## Data section
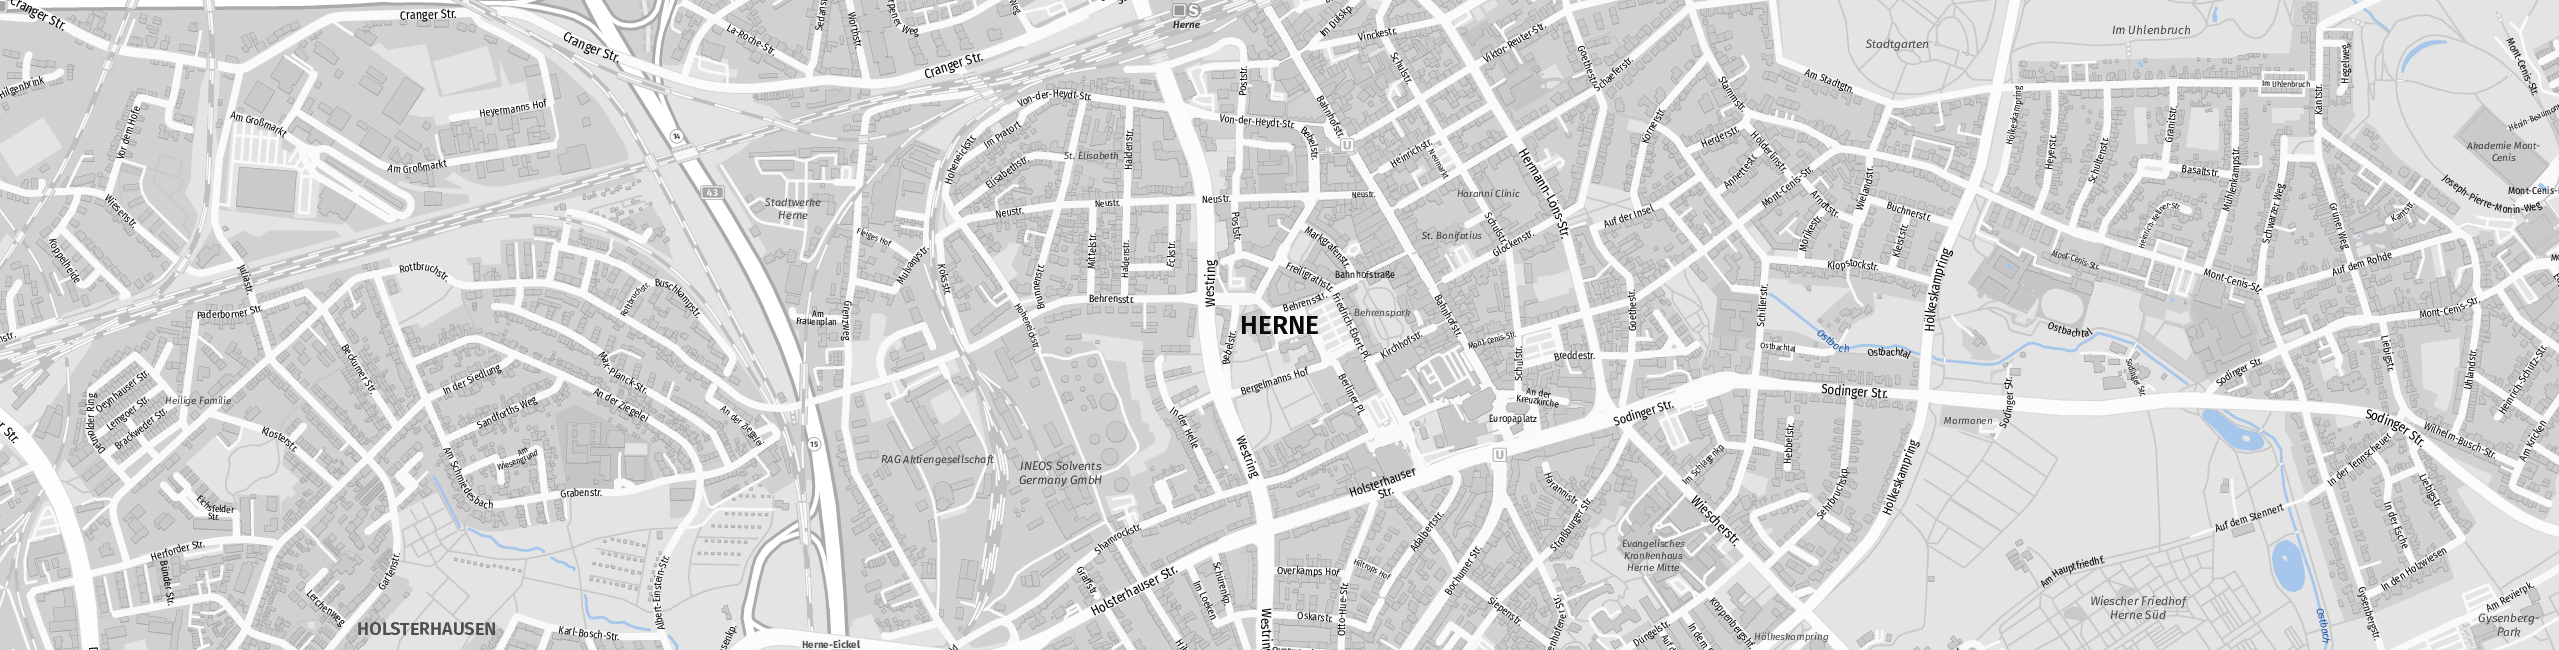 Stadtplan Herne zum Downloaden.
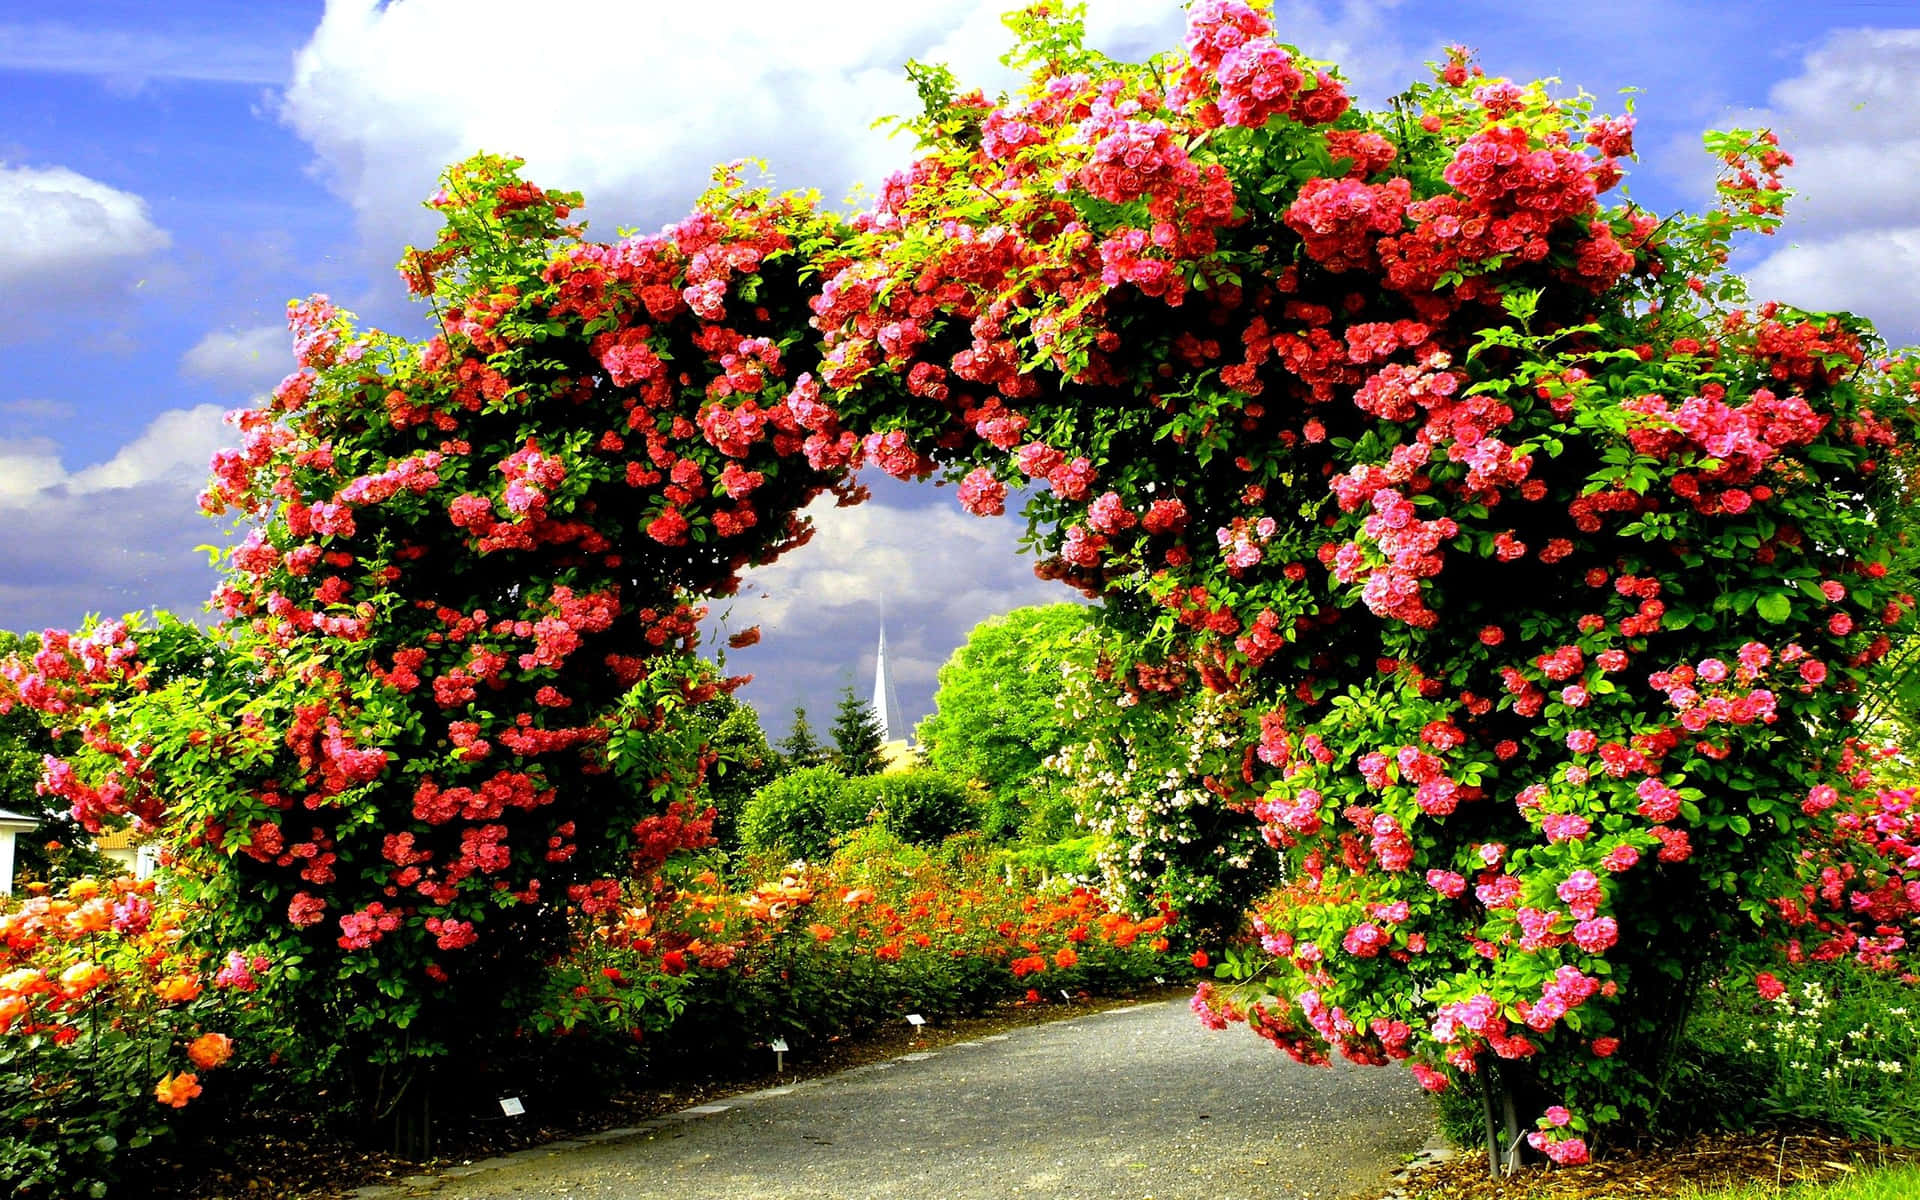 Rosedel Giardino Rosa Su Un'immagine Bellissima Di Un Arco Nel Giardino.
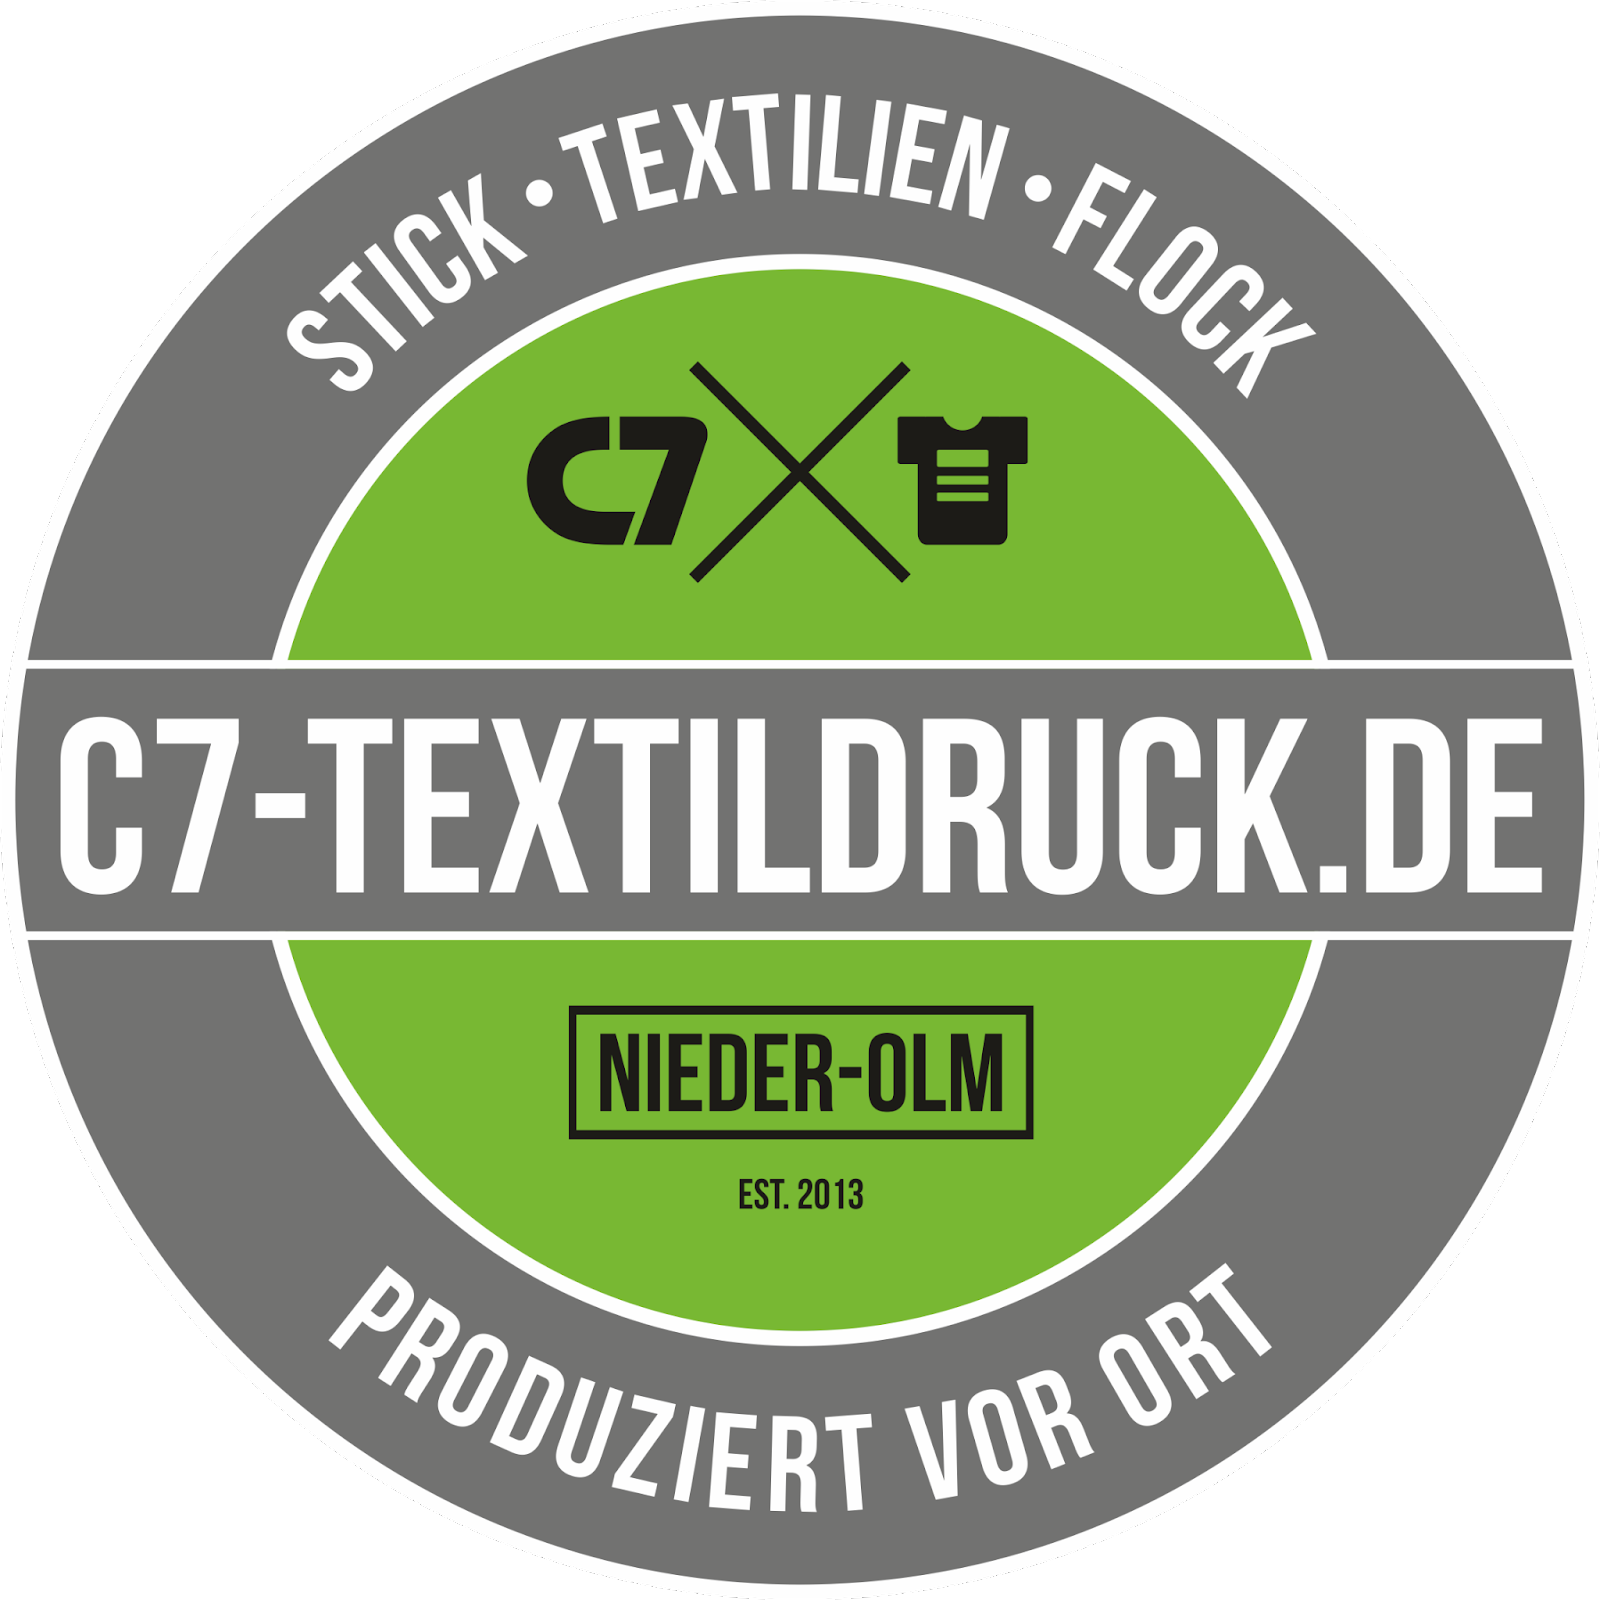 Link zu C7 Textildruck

## Exercise
The result should be the full listing, retyped exactly and free of pictures.

## Solved exercise
 Stadtplan Herne zum Downloaden.
 Rosedel Giardino Rosa Su Un'immagine Bellissima Di Un Arco Nel Giardino.
 Link zu C7 Textildruck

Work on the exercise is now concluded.